Les critiques persistantes de LFI et du RN
Du côté de La France insoumise, aucune modération n’est notable. Vendredi, Jean-Luc Mélenchon a profité de l’épisode entre Zelensky et Trump pour critiquer la position faible du président français. « En humiliant Zelensky, Trump expose le vide des prétendus accords avec Macron », a-t-il commenté sur X. Lors du débat à l’Assemblée sur l’Ukraine, Aurélien Saintoul, député LFI, a poursuivi : « M. Macron a affaibli l’appareil diplomatique, accumulant depuis trois ans des manifestations indécises. »
Face aux médias, les leaders de LFI affirment voir clair dans la stratégie de Macron visant à étouffer les critiques. « C’est sa tactique pour renforcer son rôle régalien », commente Éric Coquerel, président LFI de la commission des finances.
Quant au RN, le silence gêné a dominé après l’incident au Bureau ovale. Ce silence suit leurs éloges passés pour Trump ou Poutine. Marine Le Pen s’est finalement exprimée samedi au Salon de l’agriculture, critiquant Macron sur la dissuasion nucléaire, qu’elle estime devoir rester cloisonnée à la France. Elle a déploré « l’absence d’une voix forte et indépendante que la France devrait incarner ».
Ces remarques ont valu à Le Pen des réprimandes d’Emmanuel Macron à son retour de Londres. « Ces questions nécessitent du sérieux, Mme Le Pen ne l’est pas. Elle ou M. Bardella auraient dû être à la réunion au format Saint-Denis de la semaine passée. L’un était à Washington découvrant M. Steve Bannon exécutant des gestes nazis, tandis que Mme Le Pen semblait prendre des vacances… », a-t-il déclaré dimanche dans Le Figaro.
Un impact trop incertain pour la France
Le RN persiste dans son opposition à Macron tout en affichant sa confiance. « Je doute que les Français considèrent Emmanuel Macron comme l’homme de la situation », confie un collaborateur de Marine Le Pen. Toutefois, Philippe Moreau Chevrolet estime que le contexte affaiblit l’extrême droite, notamment le RN ou Reconquête. Le consultant entrevoit des répercussions durables sur la politique nationale : « Ce qui est en jeu ici, c’est la présidentielle de 2027. Se rapprocher de Macron ne sera pas handicapant, si cette tendance se maintient.
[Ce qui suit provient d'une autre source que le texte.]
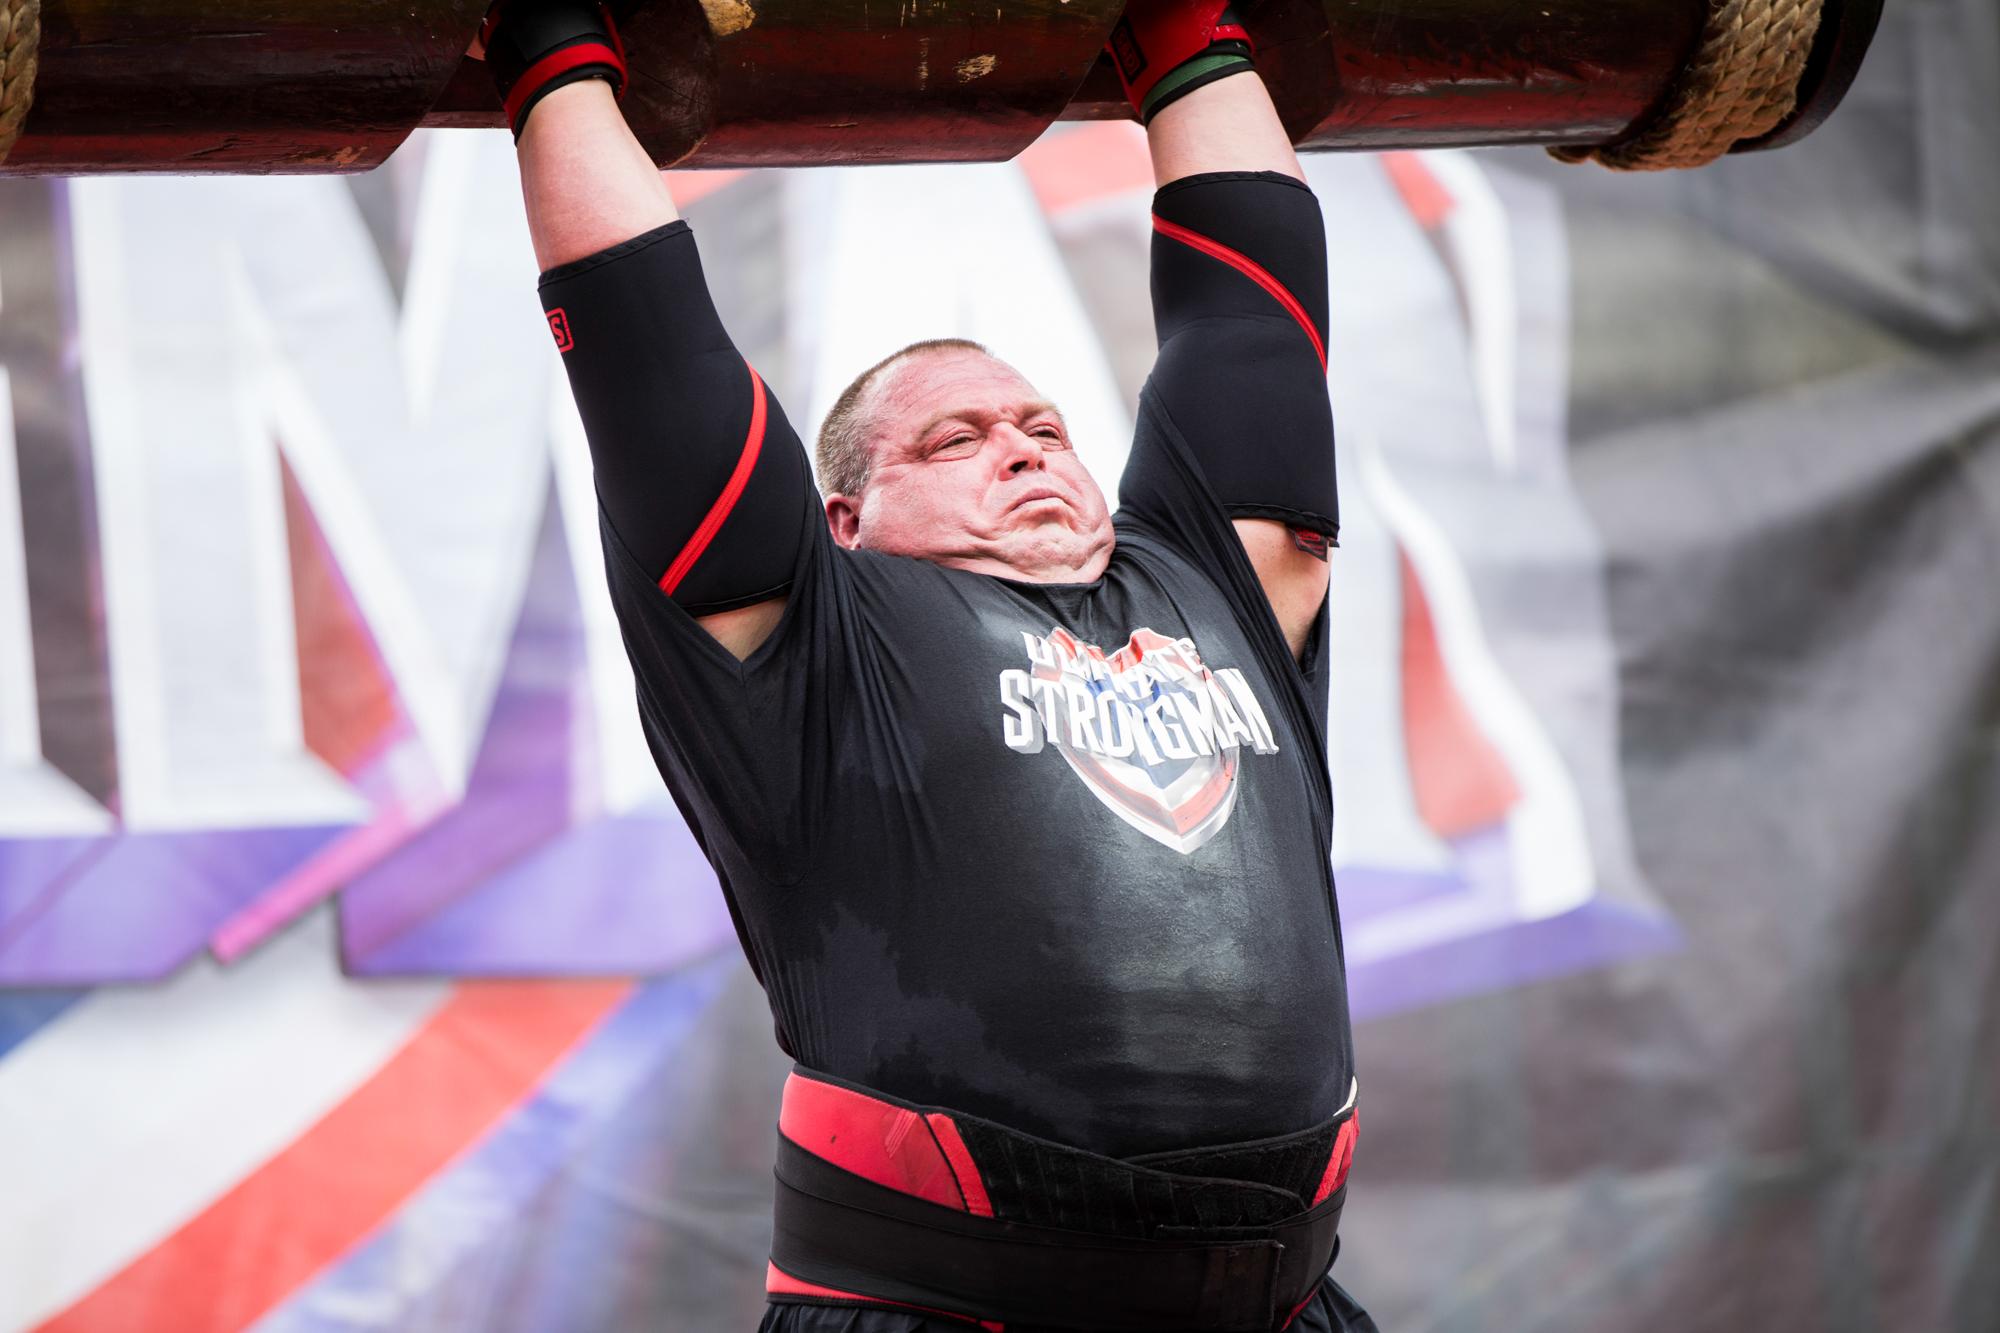 Ultimate Strongman Summermania 2017

Les populistes français risquent de se radicaliser, à leurs dépens », prédit-il.
« Emmanuel Macron a trouvé un rôle adapté à la fin de son mandat, la politique nationale est en arrière-plan. »
Philippe Moreau Chevrolet, consultantd’après 42mag.fr
Certains restent toutefois plus réservés. « Il est prématuré de tirer des conclusions d’ampleur nationale », observe un allié de François Bayrou. « La situation ici ne reflète pas celle du Canada, où Trump a attaqué Justin Trudeau augmentant considérablement l’intention de voter pour son parti », explique Mathieu Gallard de l’institut Ipsos. « Il faudrait une tension significative entre les deux pour que Macron échappe durablement à la baisse de popularité aux yeux des Français. »
Sur le plan international, Macron pourrait être en compétition pour le leadership européen avec des figures comme le Britannique Keir Starmer, l’Italienne Giorgia Meloni, le Polonais Donald Tusk ou l’Allemand Friedrich Merz. Néanmoins, le président français estime avoir des atouts distincts en Europe : sa connaissance politique, sa relation avec Trump et la puissance militaire et nucléaire de la France. Le 2 octobre 2024, il affirmait à Berlin sa détermination à se concentrer sur les réformes à l’échelle européenne, devenu son champ d’action privilégié en l’absence de marges de manœuvre en politique intérieure.